Se Oreglia si limita sostanzialmente a descrivere l'ipotetica cospirazione ebraica, il Ballerini passa dalla denuncia del pericolo ebraico a proposte concrete per la difesa da tale pericolo. Il gesuita, ben al corrente della vasta letteratura in proposito (specialmente del noto La France juive del Drumont, uscito nel 1886, un classico dell'antisemitismo), ha idee precise e incisive: tutto il male dipende dall'uguaglianza dei cittadini, concessa in base ai princìpi dell'89; l'unico rimedio possibile è il ritorno puro e semplice alla situazione discriminatoria antisemita tipica dell'ancien régime.
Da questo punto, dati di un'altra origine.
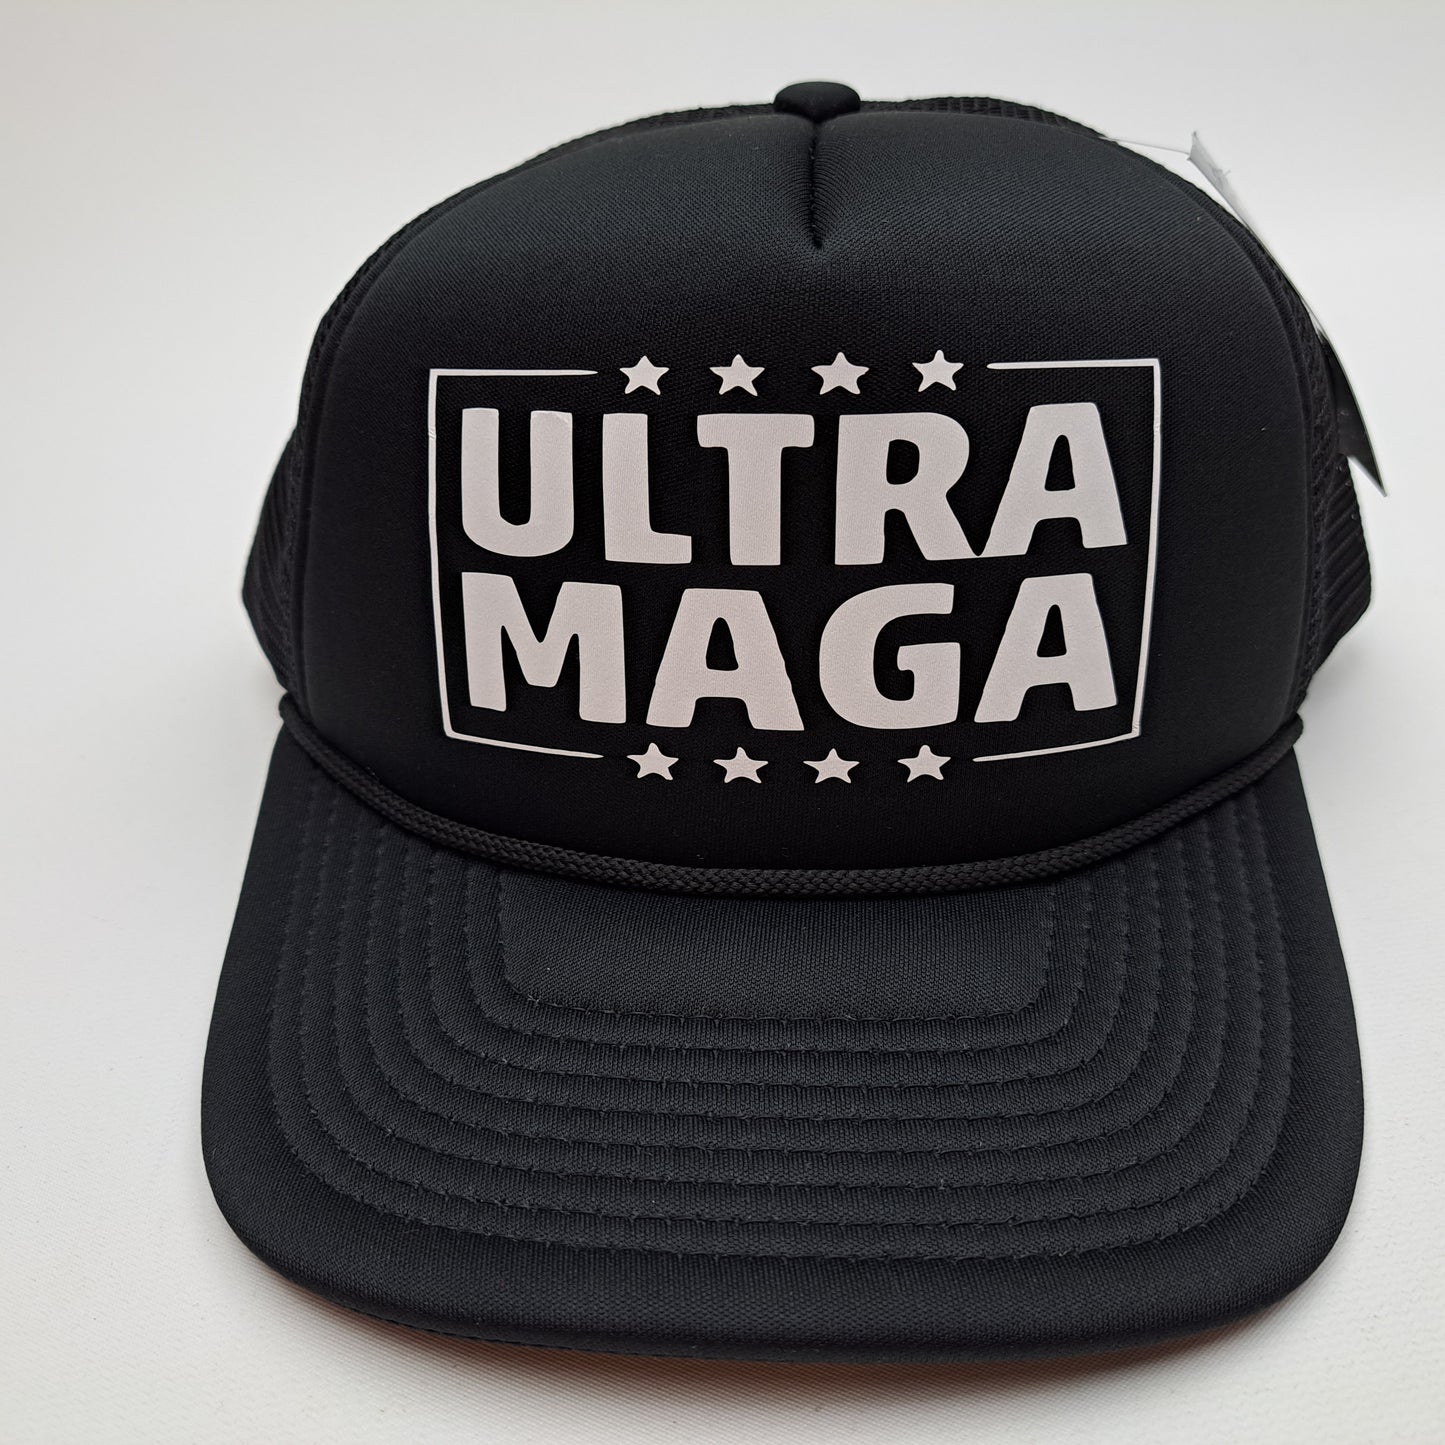 Ultra MAGA Foam Mesh Vintage Trucker Style Snapback Black

L'antisemitismo del Ballerini e della Civiltà Cattolica si acuì durante il caso Dreyfus, davanti al quale la rivista assunse un atteggiamento discriminatorio molto forte. Durante il periodo che intercorre tra questi scritti La Civiltà Cattolica si sforza di cercare e mostrare un certo equilibrio: senza condannare la "razza giudea", ammette che nell'ebraismo la sete di dominio resta un pericolo; l'auspicio è quello per la rinascita di una società ufficialmente e interamente cristiana.
Prima e dopo il 1933, l'atteggiamento della rivista sugli eventi tedeschi resta complesso. Mentre l'opposizione al razzismo esaltato da Alfred Rosenberg, che desta lo sdegno del padre Barbera si fa netta e dura, l'ingenua speranza che Hitler condanni questi estremismi sfocia nel silenzio di fronte alle disposizioni antisemite in Germania. Intanto le misure contro la Chiesa cattolica prese dal nazismo provocano una forte amarezza. È questo il periodo in cui padre Barbera e padre Messineo si sforzano di trovare un concetto di razza, di nazione, di Stato, che si accordi con quello del fascismo senza però riuscirvi. I due giornalisti gesuiti tentano un'esegesi dei principali scritti allora circolanti in campo fascista. Padre Messineo, in contrasto con l'indirizzo filotedesco, giunge alla conclusione che per un'idea corretta di nazione fosse essenziale la coscienza storica e un patrimonio spirituale comune. Egli, pur ammettendo che lo Stato possa pacificamente e lentamente assorbire le minoranze etniche, non coglie nell'unità di razza una delle basi fondamentali dell'unità nazionale. Tuttavia non è ancora il tempo di una totale riabilitazione degli ebrei, e anche padre Messineo rimane preoccupato davanti alla tendenza dell'ebraismo di imporre il proprio dominio alle altre nazioni, di indebolirne la compattezza culturale ed economica.
Il 4 dicembre del 1943, sulla Civiltà Cattolica, nella sezione "Cronaca Contemporanea", compare il seguente articolo che segna una linea di demarcazione.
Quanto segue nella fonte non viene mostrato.